Beyond the courts there have been multitudes who have witnessed his reign and interacted with him directly and indirectly as bitter enemies, flag waving supporters, sceptical observers and head shaking in wonder historians.

Again, like a King he has had to face internal dissension and threats to his crown from dangerous outside and foreign sources – opponents within the boxing ring and from society at large.

He has had his trusted advisers, his jesters and his nay saying doubters. He has survived it all and not without heavy cost triumphed against all these forces to end his days in seemingly serene repose.

Enter in Act 1 aged 30 from Fayetville West Virginia weighing 192 pounds, Tunney Hunsaker!

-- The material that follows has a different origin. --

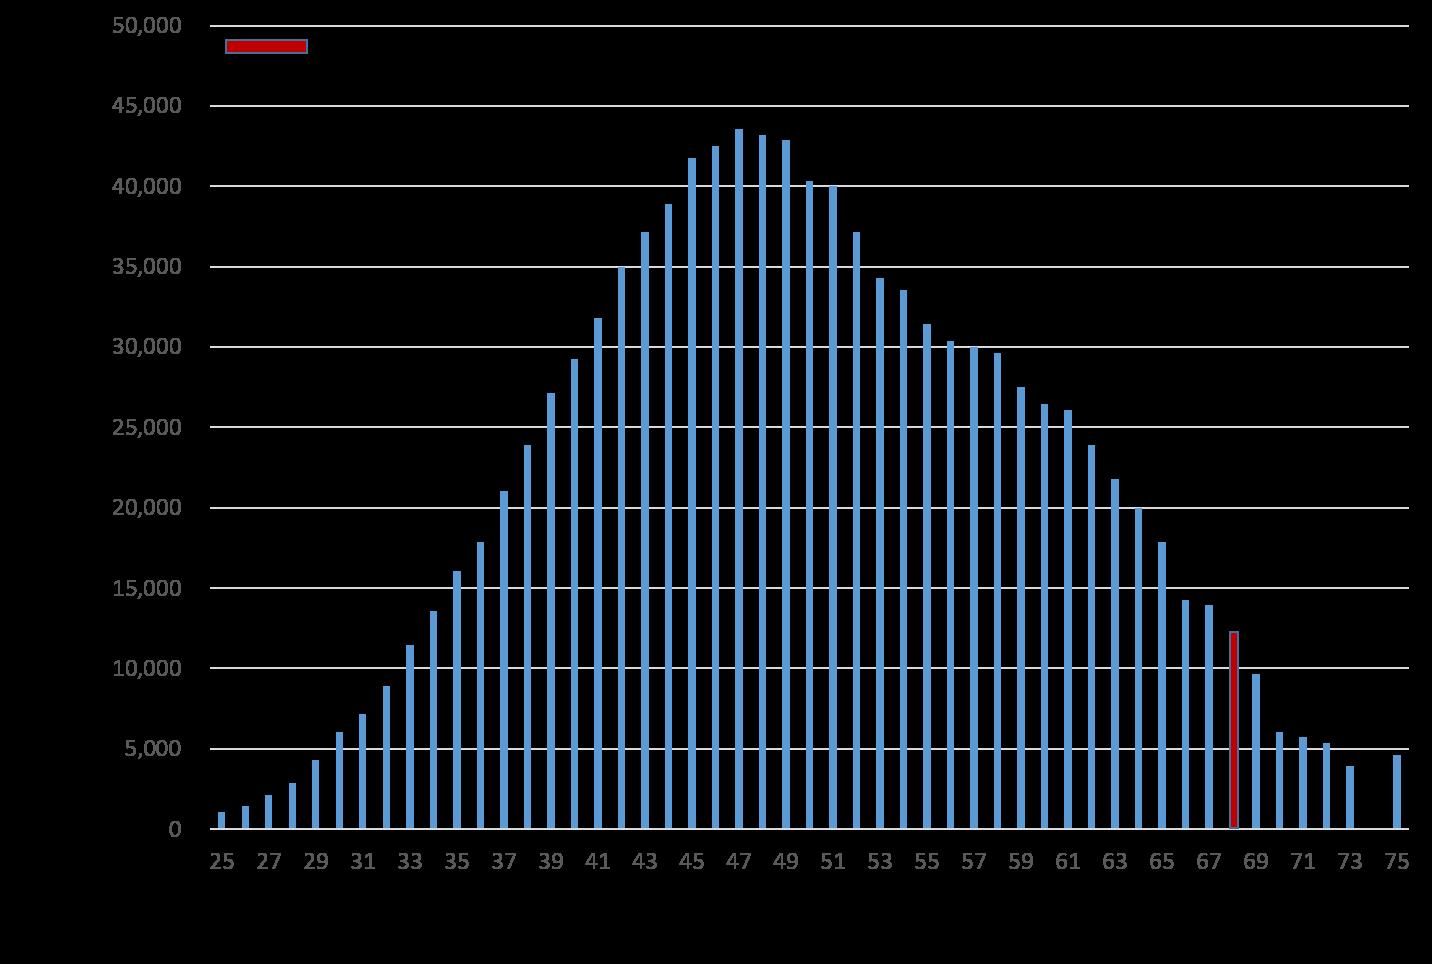 中小企業経営診断システム診断結果グラフ

The date was October 29th 1960 when Eisenhower was in the last dwindling days of his presidency and the seemingly endless promise of JFK’s new frontier was about to begin.

The venue was Ali’s home town of Louisville Kentucky. Some 6000 souls can say they were present at Ali’s professional boxing debut and Tunney Hunsaker’s cameo role in his legendary career.

Hunsaker was by then already an air force veteran and the Police Chief of Fayetville.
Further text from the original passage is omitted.